Source records:
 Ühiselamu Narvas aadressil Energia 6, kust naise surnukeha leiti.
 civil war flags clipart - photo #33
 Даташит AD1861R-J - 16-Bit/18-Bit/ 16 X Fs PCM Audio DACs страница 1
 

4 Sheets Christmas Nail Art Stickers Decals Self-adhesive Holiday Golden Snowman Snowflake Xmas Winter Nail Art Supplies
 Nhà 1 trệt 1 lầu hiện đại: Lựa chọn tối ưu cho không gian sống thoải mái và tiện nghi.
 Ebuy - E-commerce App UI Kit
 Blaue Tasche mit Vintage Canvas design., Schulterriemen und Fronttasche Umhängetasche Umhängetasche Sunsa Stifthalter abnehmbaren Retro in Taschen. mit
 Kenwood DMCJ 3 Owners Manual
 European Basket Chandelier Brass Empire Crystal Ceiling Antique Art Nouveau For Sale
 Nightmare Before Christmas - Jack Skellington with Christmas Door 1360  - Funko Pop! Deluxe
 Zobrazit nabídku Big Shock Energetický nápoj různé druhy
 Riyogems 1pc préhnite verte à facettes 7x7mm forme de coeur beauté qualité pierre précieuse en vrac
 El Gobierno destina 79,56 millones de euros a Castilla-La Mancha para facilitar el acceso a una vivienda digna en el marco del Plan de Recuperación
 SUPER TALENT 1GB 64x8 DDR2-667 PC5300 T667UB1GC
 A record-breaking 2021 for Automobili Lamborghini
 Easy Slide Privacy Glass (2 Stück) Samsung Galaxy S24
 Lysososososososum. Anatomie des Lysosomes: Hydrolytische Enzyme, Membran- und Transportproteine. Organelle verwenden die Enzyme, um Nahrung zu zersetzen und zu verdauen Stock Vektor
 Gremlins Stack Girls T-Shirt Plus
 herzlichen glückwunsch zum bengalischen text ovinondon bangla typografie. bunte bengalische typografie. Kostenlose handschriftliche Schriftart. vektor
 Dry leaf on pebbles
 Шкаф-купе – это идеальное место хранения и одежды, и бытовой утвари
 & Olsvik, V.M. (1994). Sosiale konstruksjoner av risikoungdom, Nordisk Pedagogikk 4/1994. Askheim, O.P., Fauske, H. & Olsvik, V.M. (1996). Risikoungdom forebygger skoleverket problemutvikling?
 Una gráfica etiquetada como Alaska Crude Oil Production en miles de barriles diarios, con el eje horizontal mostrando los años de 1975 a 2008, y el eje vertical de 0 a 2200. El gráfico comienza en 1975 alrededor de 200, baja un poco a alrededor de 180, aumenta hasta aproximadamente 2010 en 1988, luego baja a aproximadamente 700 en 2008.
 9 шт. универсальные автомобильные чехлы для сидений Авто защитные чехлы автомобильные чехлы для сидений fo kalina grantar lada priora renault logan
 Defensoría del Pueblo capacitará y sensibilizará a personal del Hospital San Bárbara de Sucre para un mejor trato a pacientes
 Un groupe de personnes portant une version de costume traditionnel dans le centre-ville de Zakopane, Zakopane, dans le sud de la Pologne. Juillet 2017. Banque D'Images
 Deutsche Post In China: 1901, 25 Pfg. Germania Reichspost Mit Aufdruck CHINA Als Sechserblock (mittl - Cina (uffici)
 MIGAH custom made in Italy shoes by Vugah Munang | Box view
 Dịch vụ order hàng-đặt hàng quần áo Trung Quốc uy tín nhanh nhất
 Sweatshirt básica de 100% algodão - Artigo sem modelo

Exercise: Transcribe the records above in full, exactly as they stand.

Worked solution:
 Ühiselamu Narvas aadressil Energia 6, kust naise surnukeha leiti.
 civil war flags clipart - photo #33
 Даташит AD1861R-J - 16-Bit/18-Bit/ 16 X Fs PCM Audio DACs страница 1
 

4 Sheets Christmas Nail Art Stickers Decals Self-adhesive Holiday Golden Snowman Snowflake Xmas Winter Nail Art Supplies
 Nhà 1 trệt 1 lầu hiện đại: Lựa chọn tối ưu cho không gian sống thoải mái và tiện nghi.
 Ebuy - E-commerce App UI Kit
 Blaue Tasche mit Vintage Canvas design., Schulterriemen und Fronttasche Umhängetasche Umhängetasche Sunsa Stifthalter abnehmbaren Retro in Taschen. mit
 Kenwood DMCJ 3 Owners Manual
 European Basket Chandelier Brass Empire Crystal Ceiling Antique Art Nouveau For Sale
 Nightmare Before Christmas - Jack Skellington with Christmas Door 1360  - Funko Pop! Deluxe
 Zobrazit nabídku Big Shock Energetický nápoj různé druhy
 Riyogems 1pc préhnite verte à facettes 7x7mm forme de coeur beauté qualité pierre précieuse en vrac
 El Gobierno destina 79,56 millones de euros a Castilla-La Mancha para facilitar el acceso a una vivienda digna en el marco del Plan de Recuperación
 SUPER TALENT 1GB 64x8 DDR2-667 PC5300 T667UB1GC
 A record-breaking 2021 for Automobili Lamborghini
 Easy Slide Privacy Glass (2 Stück) Samsung Galaxy S24
 Lysososososososum. Anatomie des Lysosomes: Hydrolytische Enzyme, Membran- und Transportproteine. Organelle verwenden die Enzyme, um Nahrung zu zersetzen und zu verdauen Stock Vektor
 Gremlins Stack Girls T-Shirt Plus
 herzlichen glückwunsch zum bengalischen text ovinondon bangla typografie. bunte bengalische typografie. Kostenlose handschriftliche Schriftart. vektor
 Dry leaf on pebbles
 Шкаф-купе – это идеальное место хранения и одежды, и бытовой утвари
 & Olsvik, V.M. (1994). Sosiale konstruksjoner av risikoungdom, Nordisk Pedagogikk 4/1994. Askheim, O.P., Fauske, H. & Olsvik, V.M. (1996). Risikoungdom forebygger skoleverket problemutvikling?
 Una gráfica etiquetada como Alaska Crude Oil Production en miles de barriles diarios, con el eje horizontal mostrando los años de 1975 a 2008, y el eje vertical de 0 a 2200. El gráfico comienza en 1975 alrededor de 200, baja un poco a alrededor de 180, aumenta hasta aproximadamente 2010 en 1988, luego baja a aproximadamente 700 en 2008.
 9 шт. универсальные автомобильные чехлы для сидений Авто защитные чехлы автомобильные чехлы для сидений fo kalina grantar lada priora renault logan
 Defensoría del Pueblo capacitará y sensibilizará a personal del Hospital San Bárbara de Sucre para un mejor trato a pacientes
 Un groupe de personnes portant une version de costume traditionnel dans le centre-ville de Zakopane, Zakopane, dans le sud de la Pologne. Juillet 2017. Banque D'Images
 Deutsche Post In China: 1901, 25 Pfg. Germania Reichspost Mit Aufdruck CHINA Als Sechserblock (mittl - Cina (uffici)
 MIGAH custom made in Italy shoes by Vugah Munang | Box view
 Dịch vụ order hàng-đặt hàng quần áo Trung Quốc uy tín nhanh nhất
 Sweatshirt básica de 100% algodão - Artigo sem modelo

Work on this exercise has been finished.